Weird. I have to admit I'm a bit lost.
Maybe you can try with the absolute path like this, but this isn't supposed to change anything:

java -jar "C:\path\to\folder\Hunspell2WordList.jar" data/dictionaryName outputFile.txt

Another possibility is to try with the other version (v0.1.0).

Alessio-R · Answer 6 · Sat Apr 09 2016 23:43:48 GMT+0800 (China Standard Time)

Nothing, it gives me the same error, even with the older version. For now I would like to thank you for your help: I hope to resolve this problem, because your application could be very useful for me.

Alessio-R · Answer 7 · Sun Apr 10 2016 00:40:51 GMT+0800 (China Standard Time)

I finally resolved the problem by reinstalling the java environment: it seems to work correctly with an italian dictionary (https://github.com/elastic/hunspell/tree/master/dicts/it_IT-moz), although I can't find the output, even expressing the complete path of the desidered file (c:...). However it seems to have problems with this ancient greek dictionary: http://extensions.openoffice.org/en/project/ancient-greek-spell-checker. For me is very important to have a complete output of that dictionary. Again, thank you for your help.

Elouan Poupard-Cosquer · Answer 8 · Sun Apr 10 2016 00:45:42 GMT+0800 (China Standard Time)

You're welcome.
The program was not designed to work with absolute paths, so you should avoid this if possible. The output is either the console or the named file.

Can you send the errors, please ?

Alessio-R · Answer 9 · Sun Apr 10 2016 00:54:15 GMT+0800 (China Standard Time)

Yes, but it didn't create the named file! Here is a pic of the result: http://imgur.com/vtzKWc9

Elouan Poupard-Cosquer · Answer 10 · Sun Apr 10 2016 21:00:05 GMT+0800 (China Standard Time)

It seams that the it_IT files uses ISO8859-15 encoding and H2WL can't handle it.
However, it is possible to convert these files to UTF-8 to fix this issue. The simplest way to do that is to install Notepad++, open each file and click on Encoding > Convert to UTF-8.

Where are the .dic/.aff files for the ancient greek dictionary?

Alessio-R · Answer 11 · Sun Apr 10 2016 21:14:16 GMT+0800 (China Standard Time)

I converted in UTF-8 and it worked for the it_IT (I had to write data/ita.txt in the shell to obtain the txt file). The ancient greek package is here: http://members.hellug.gr/sng/ancientgreekoxt/download.html, you must open with zip and extract the .dic and .aff

Elouan Poupard-Cosquer · Answer 12 · Sun Apr 10 2016 21:59:25 GMT+0800 (China Standard Time)

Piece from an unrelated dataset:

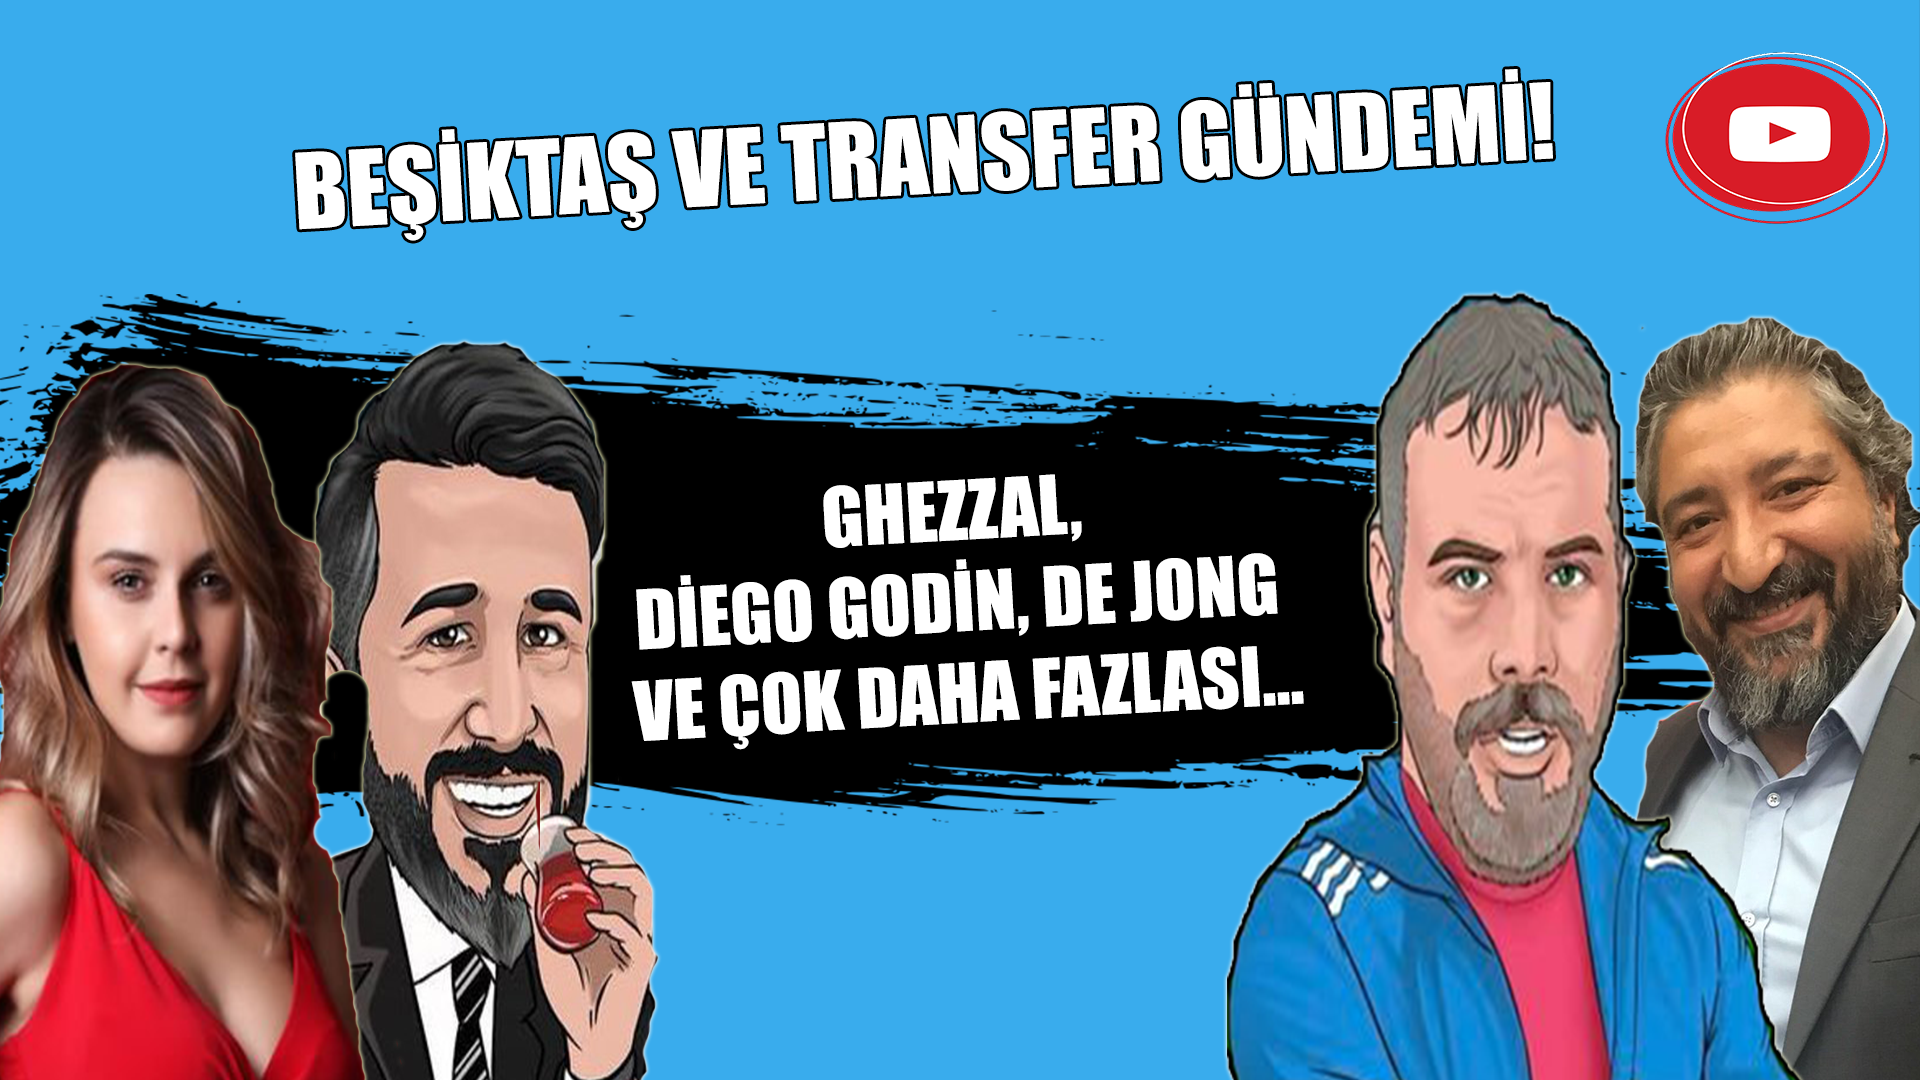 Beşiktaş ve transfer gündemi!
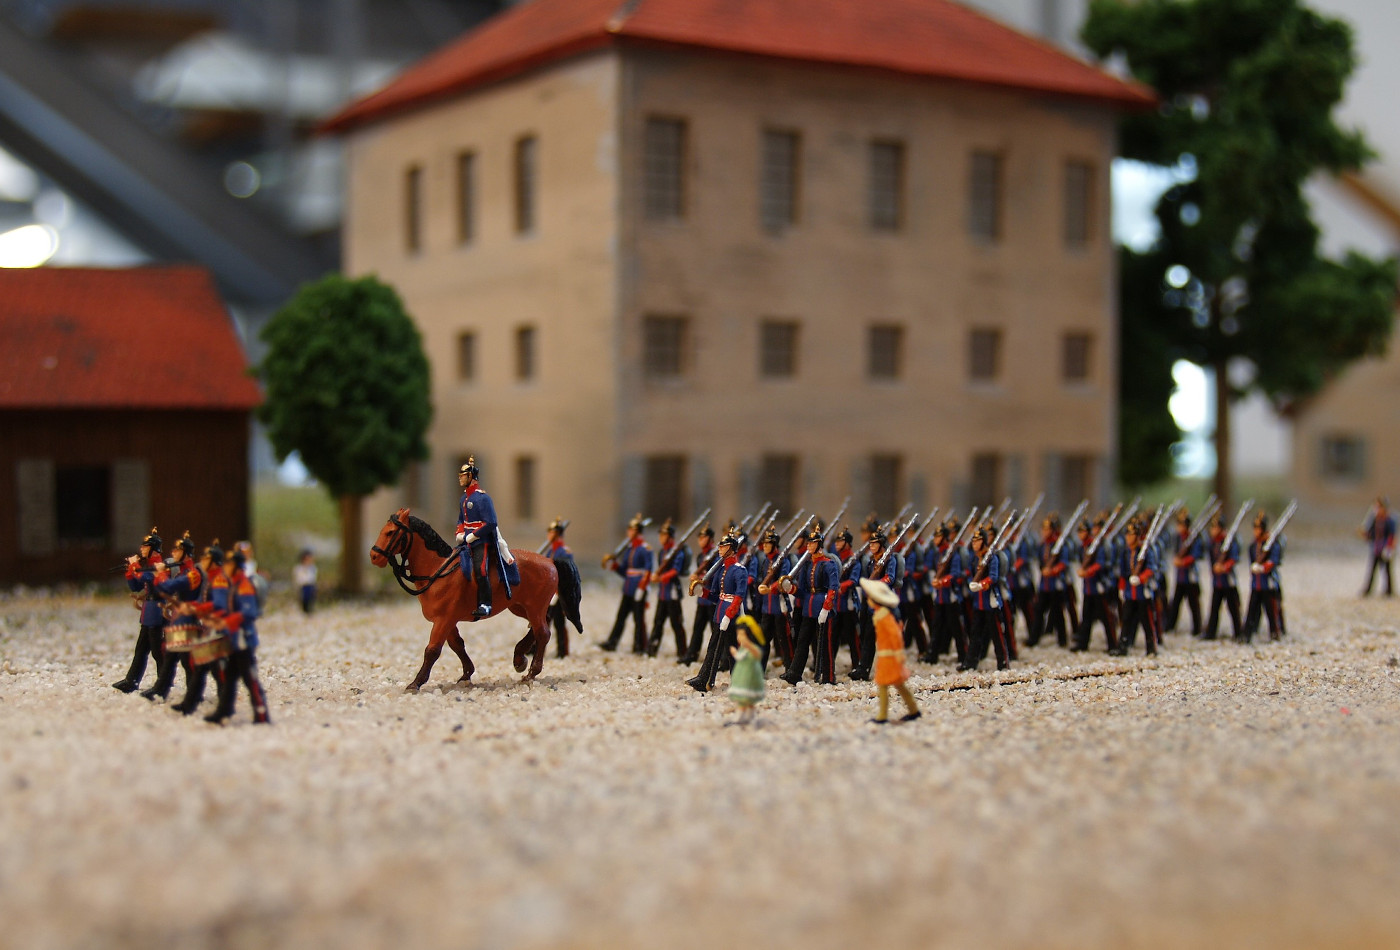 Ein Modell einer Talkaserne mit marschierenden Miniatur-Soldaten

Thanks. The new version (v0.1.2) should solve the issue.

Note that you can also use the command without any argument, like this:

$ java -jar Hunspell2WordList.jar
Command help: hunspell2wordlist [InputFilePath] [OutputFilePath]
Enter the input file's path: data/grc_GR
Enter the output file's path: grc.txt
References stats:
 * 0 AM references
 * 0 AF references
 * 5000 affixes
 * 5000 affix options
DicParser stats:
 * 760186 lines
WordListGenerator stats:
 * 1784034 words

Alessio-R · Answer 13 · Sun Apr 10 2016 23:05:00 GMT+0800 (China Standard Time)

Thank you very much, it has worked perfectly. This application resolved a big problem for me: obtain a multilingual spell checker to use with TeXStudio (a LaTeX editor). In fact, while all other dictionaries were merged correctly with hunspell-merge (https://github.com/arty-name/hunspell-merge), the ancient greek suffered a problem with the affixes. Now I put all the greek words in the .dic file of the merged dictionaries, without affixes, and it works perfectly in combination with the other languages. Your help is very appreciated, I hope that your application will obtain the appreciation that deserves.

Elouan Poupard-Cosquer · Answer 14 · Sun Apr 10 2016 23:39:07 GMT+0800 (China Standard Time)

This merge problem is probably the same than for H2WL. The greek dictionary uses numeric references for affix which is usually used for something else.

Just keep in mind that the result of H2WL is far from perfect. However, I am glad that my little side-project helped.
Thank you for your kind words.